Forensic Architecture (FA) is a research agency, based at Goldsmiths, University of London, which undertakes advanced architectural and media research on behalf of international prosecutors, human rights organisations and political and environmental justice groups.

Forensic architecture is also an emergent academic field developed at Goldsmiths. It refers to the production and presentation of architectural evidence – buildings and urban environments and their media representations. 

Dr. Samaneh Moafi is a researcher at Forensic Architecture. She joined the team in 2015, and has since been coordinating investigations that involve environmental violence and climate change, e.g. Ecocide in Indonesia, Centre for Contemporary Nature and Scorched Earth. She received her Doctorate in Philosophy from The Architectural Association (AA) School of Architecture.

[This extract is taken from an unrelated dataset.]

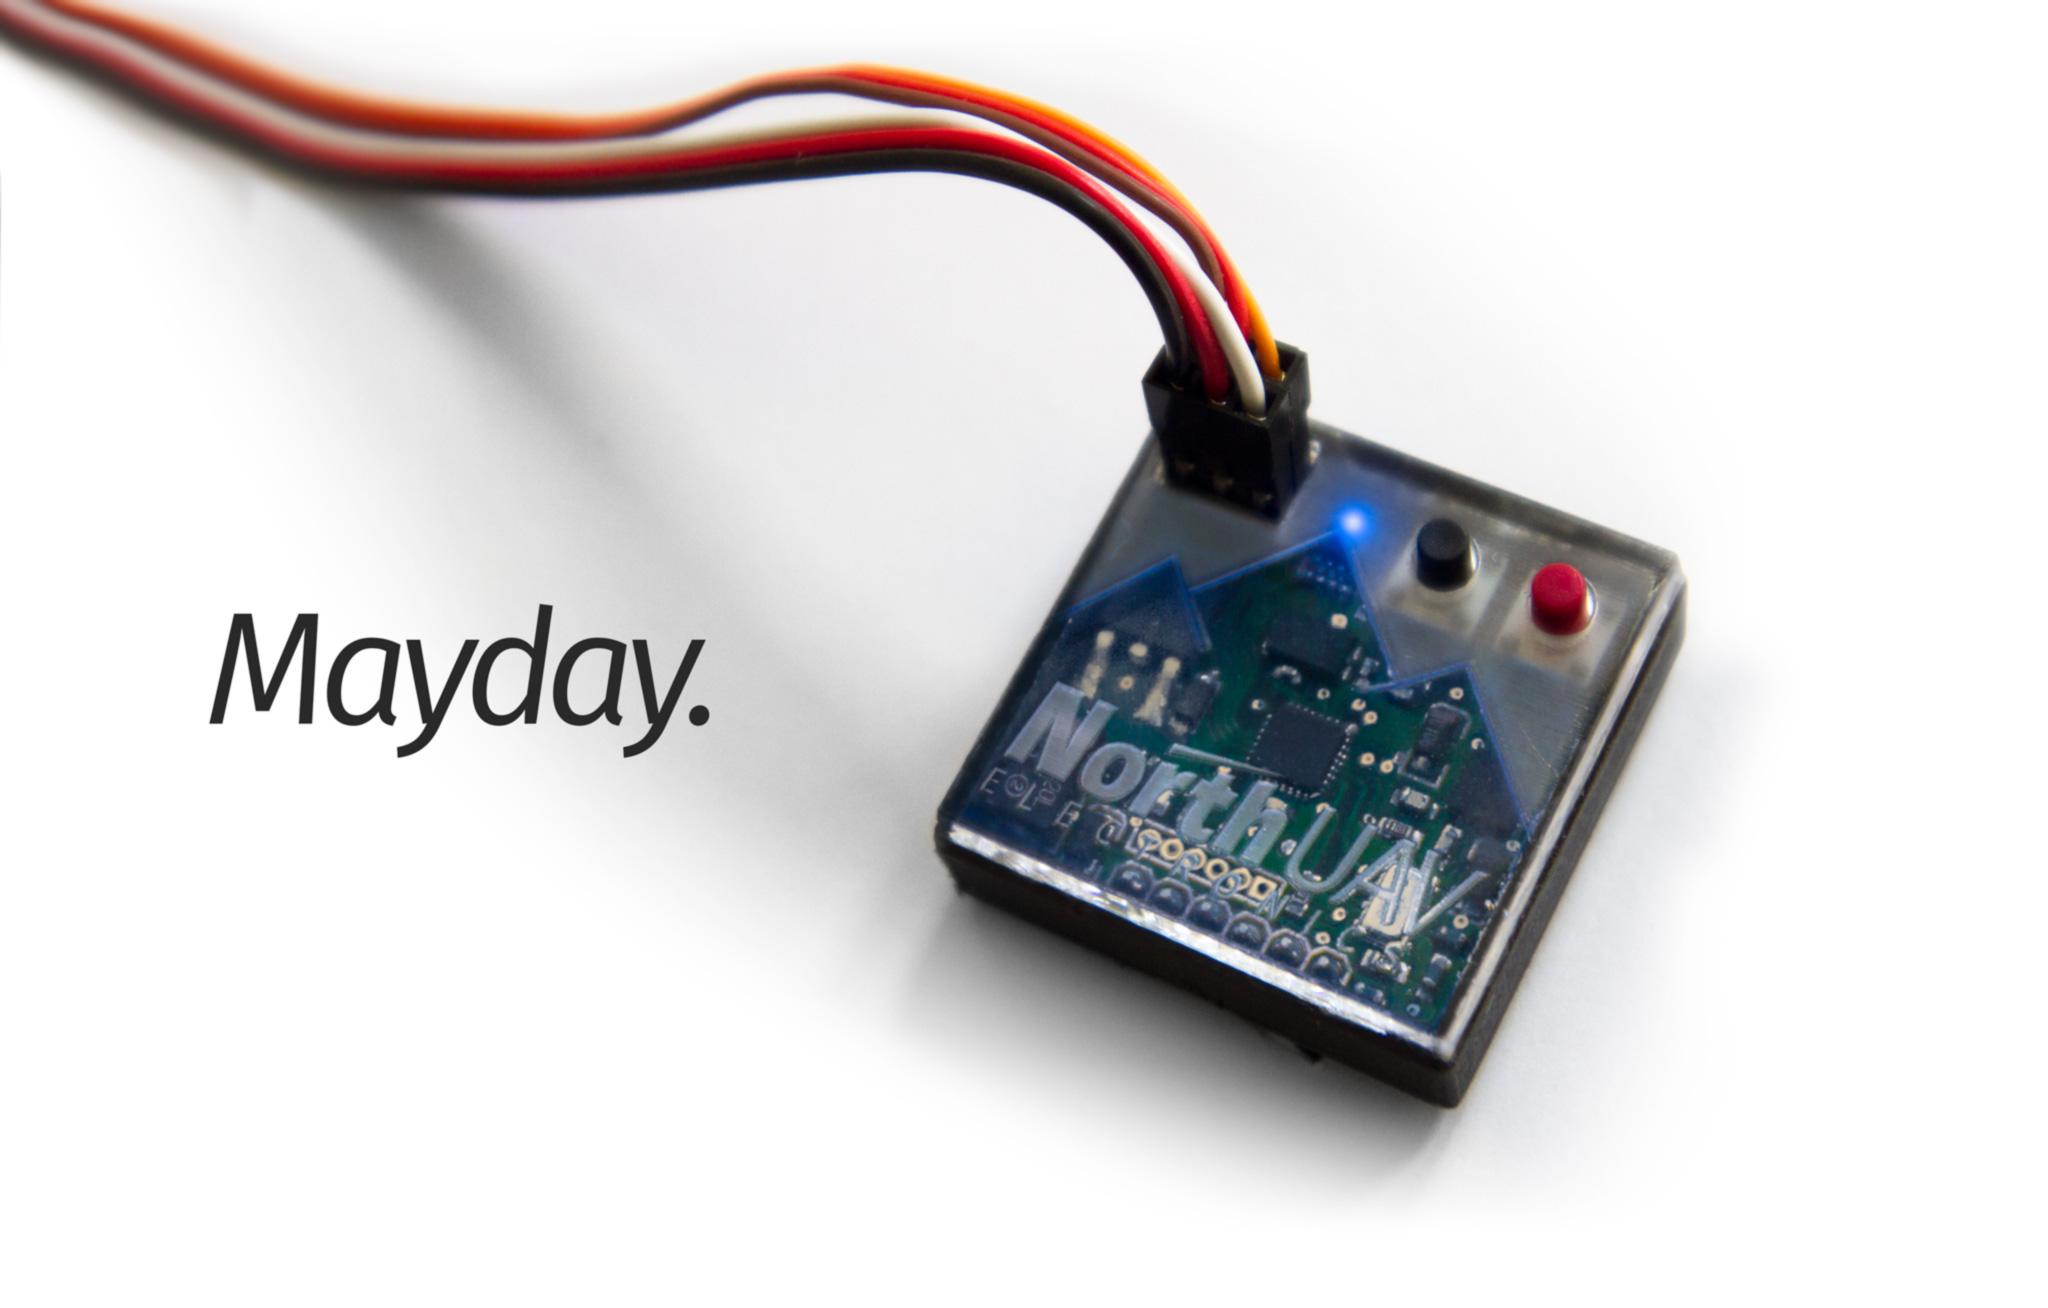 mayday board.jpg

Her PhD research examines struggle and resistance from the space of the home with a particular focus on Marxist feminist theory. Previously, she led architectural design studios at the Bartlett School of Architecture, University College of London (2014-15) as well as the University of Technology Sydney (2013-14), and has taught a number of technical workshops at the Royal College of Arts and the Architectural Association. 

Nathan Su is a researcher at Forensic Architecture, where he has worked on developing digital projection mapping techniques for the analysis of the violation of migrant rights on Mediterranean Sea routes. He graduated from the Architectural Association, where he now runs a course on compositing and 3D animation. He has also taught media workshops at Strelka and The Bartlett (UCL). In 2017 Nathan co-founded Inferstudio, a speculative design practice that seeks to use operative storytelling to craft, find and critique the technologies and cultures of cities.

Workshop with Forensic Architecture

Coincident Projections

The experience, and navigation of urban conflict is taking place from increasingly binary perspectives. Our understanding of space and time is now mediated by a frequent switch between the first person, real-time gaze of our eyes, personal cameras, and Google Streetview, and the omniscient, but temporally discrete perspective of the satellite. The workshop will explore how the intersection of multiple images from street level, and/or from space, when projected onto architectural models can reveal ambiguous sequences of events. Through a collective examination of several of Forensic Architecture’s recent and ongoing cases, participants will investigate the challenges and opportunities that come with our techniques of image projection/analysis.